BEGIN Dataset excerpt

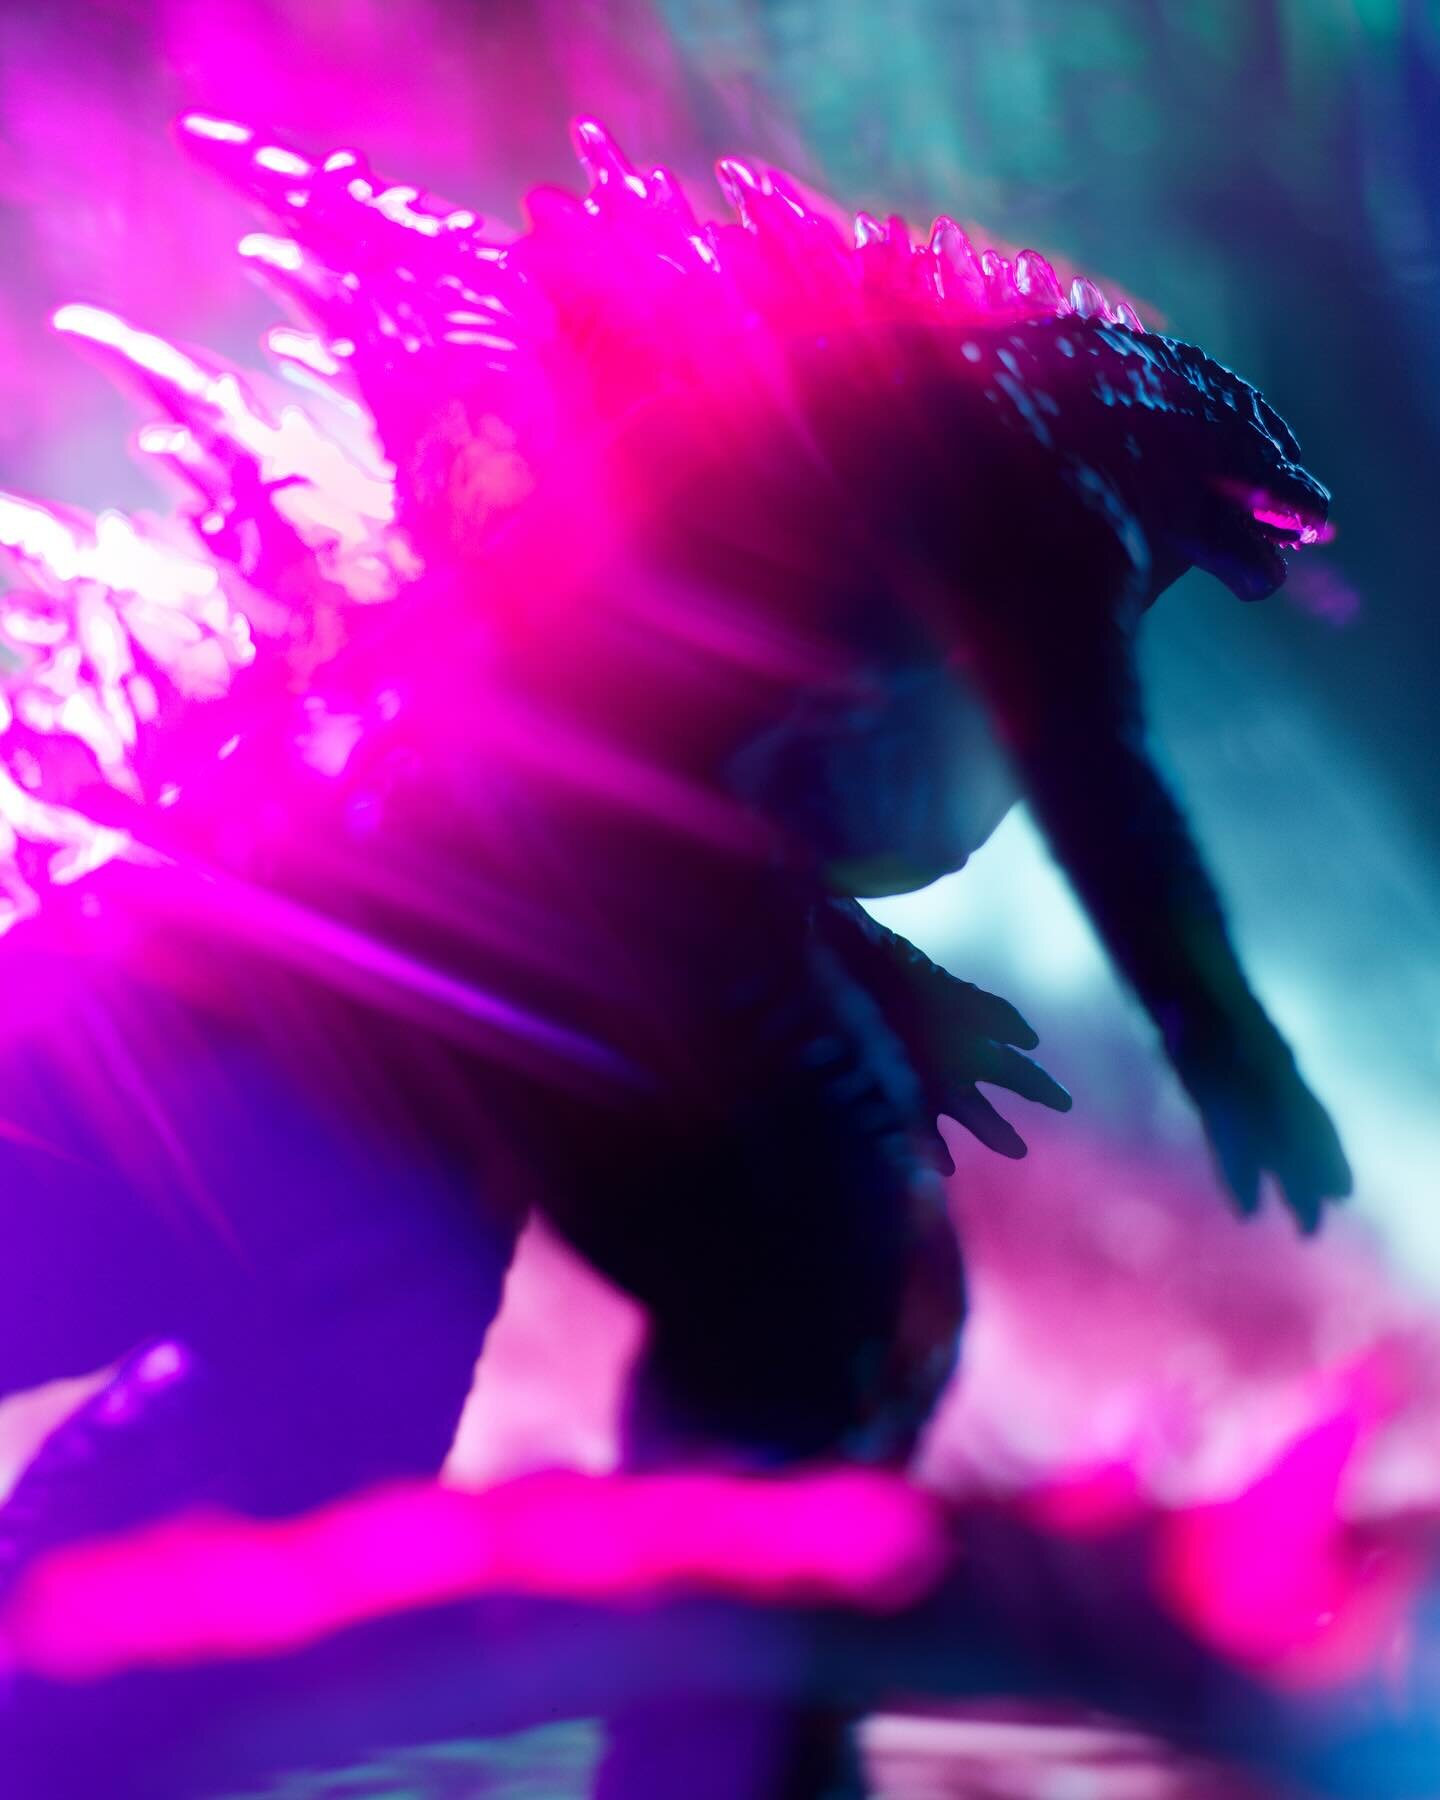 This isn&rsquo;t even my final form. 💪🏻

Toy photography of the @playmatestoysinc GIANT Godzilla Evolved figure from @godzillaxkong. Lit by @ulanzi_official lights with some fun in camera effects.

#godzilla #gxk #godzillaxkong @godzilla_toho #play

END Dataset excerpt

● **To do**
List every line above containing the word "godzillaxkong".

● **Exercise response**
Toy photography of the @playmatestoysinc GIANT Godzilla Evolved figure from @godzillaxkong. Lit by @ulanzi_official lights with some fun in camera effects.
#godzilla #gxk #godzillaxkong @godzilla_toho #play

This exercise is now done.